There are different clustering methods, depending on how you want your dataset to be divided. The two main types of clustering algorithms are

  • Hierarchical: Algorithms create separate sets of nested clusters, each in their own hierarchal level.

  • Partitional: Algorithms create just a single set of clusters.

You can use hierarchical clustering algorithms only if you already know the separation distance between the data points in your dataset. The k-nearest neighbor algorithm that’s described in this chapter belongs to the hierarchical class of clustering algorithms.

You might have heard of classification and thought that classification is the same thing as clustering. Many people do, but this is not the case. In classification, before you start, you already know the number of classes into which your data should be grouped and you already know what class you want each data point to be assigned. In classification, the data in the dataset being learned from is labeled.

When you use clustering algorithms, on the other hand, you have no predefined concept for how many clusters are appropriate for your data, and you rely upon the clustering algorithms to sort and cluster the data in the most appropriate way. With clustering techniques, you’re learning from unlabeled data.

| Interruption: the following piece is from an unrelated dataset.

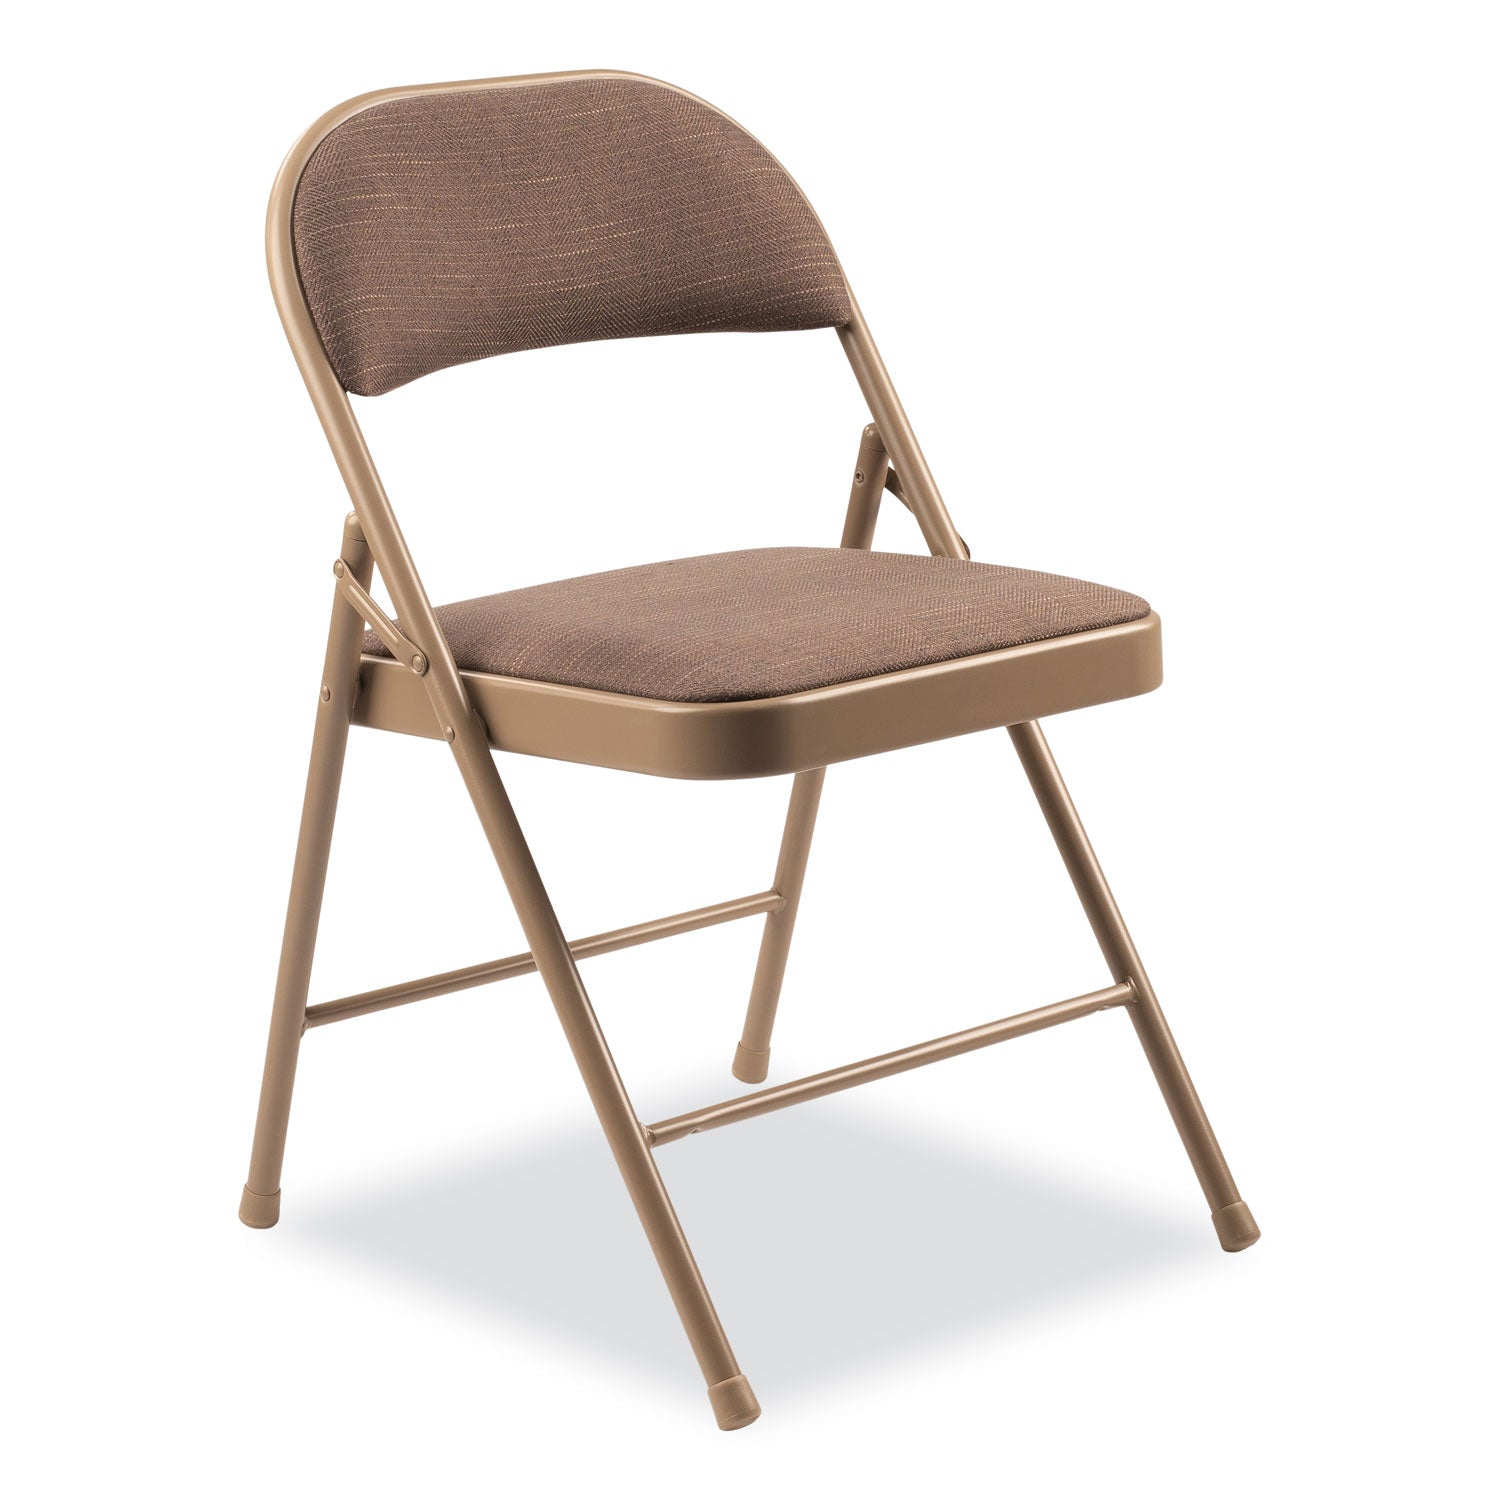 970-series-fabric-padded-steel-folding-chair-supports-250-lb-1775-seat-ht-star-trail-brown-4-ct-ships-in-1-3-bus-days_nps973 - 2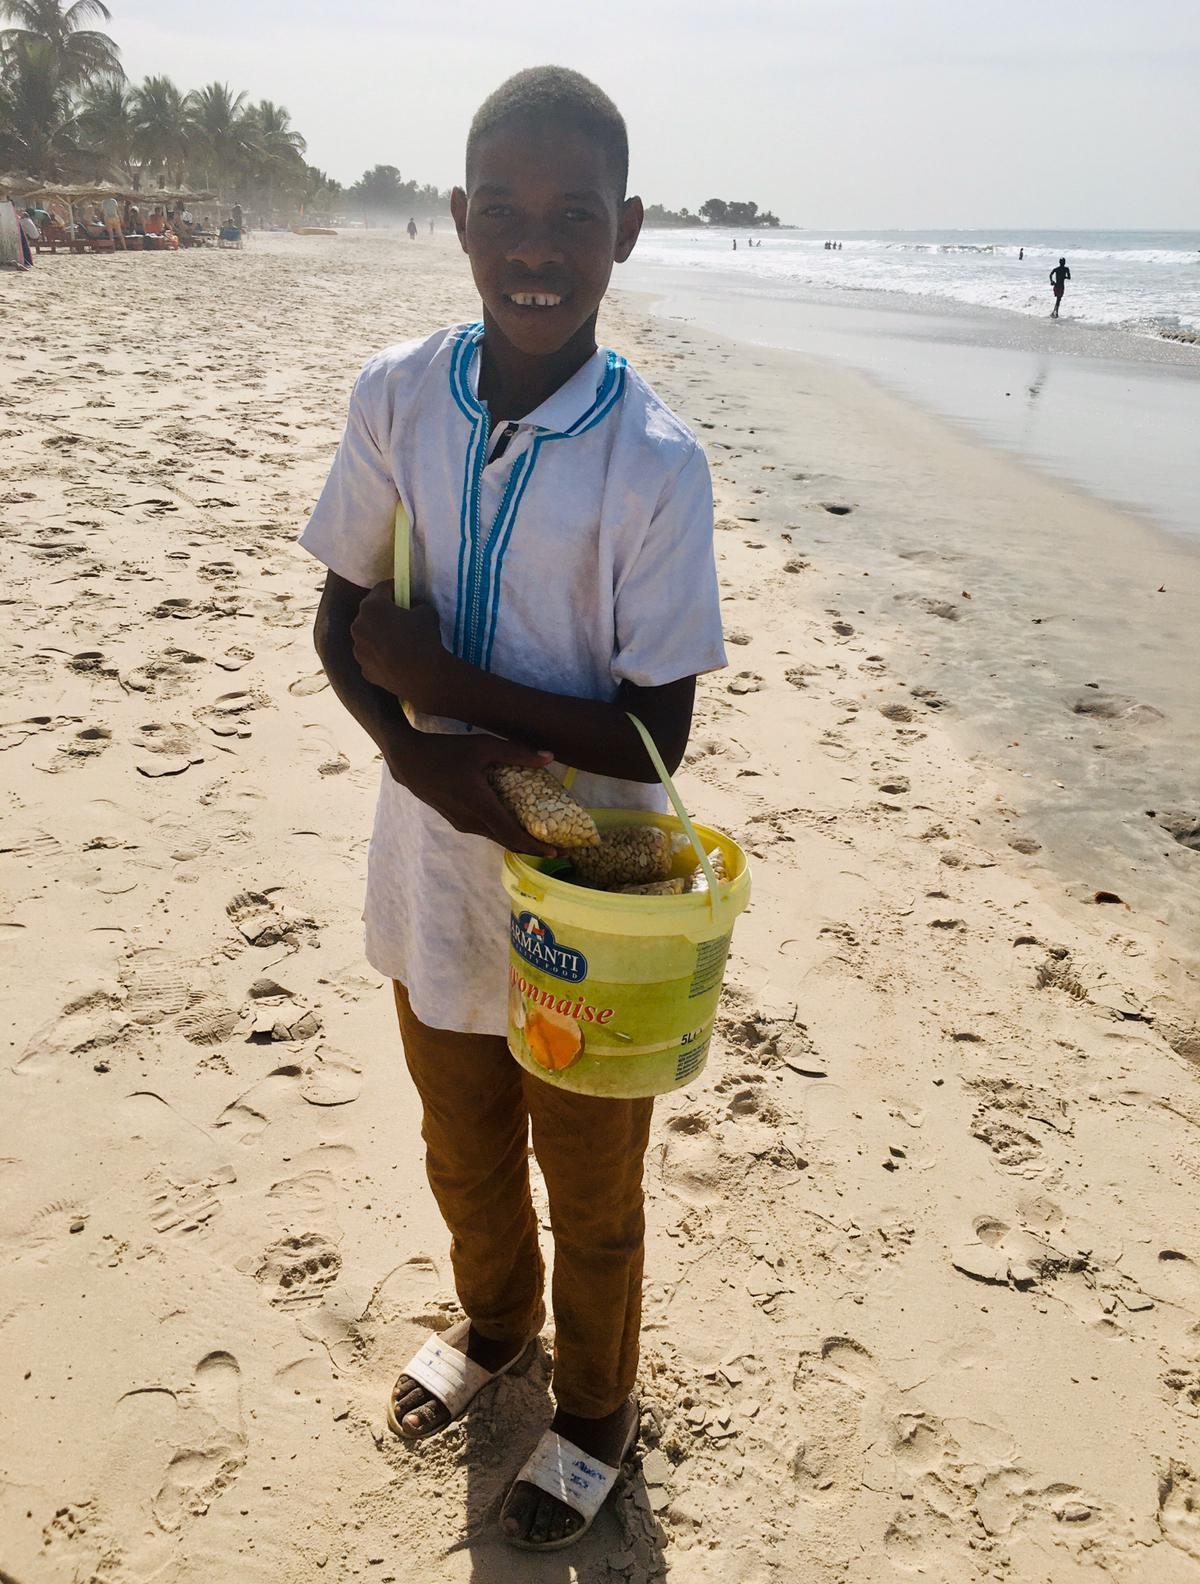  A child smiles on the beach in The Gambia, where thousands of Brits flock every year. There's no suggestion he is caught up in the child sex tourism trade

To better illustrate the nature of classification, though, take a look at Twitter and its hash-tagging system. Say you just got hold of your favorite drink in the entire world: an iced caramel latte from Starbucks. You’re so happy to have your drink that you decide to tweet about it with a photo and the phrase “This is the best latte EVER! #StarbucksRocks.” Well, of course, you include “#StarbucksRocks” in your tweet so that the tweet goes into the #StarbucksRocks stream and is classified together with all the other tweets that have been labeled as #StarbucksRocks. Your use of the hashtag label in your tweet told Twitter how to classify your data into a recognizable and accessible group, or cluster.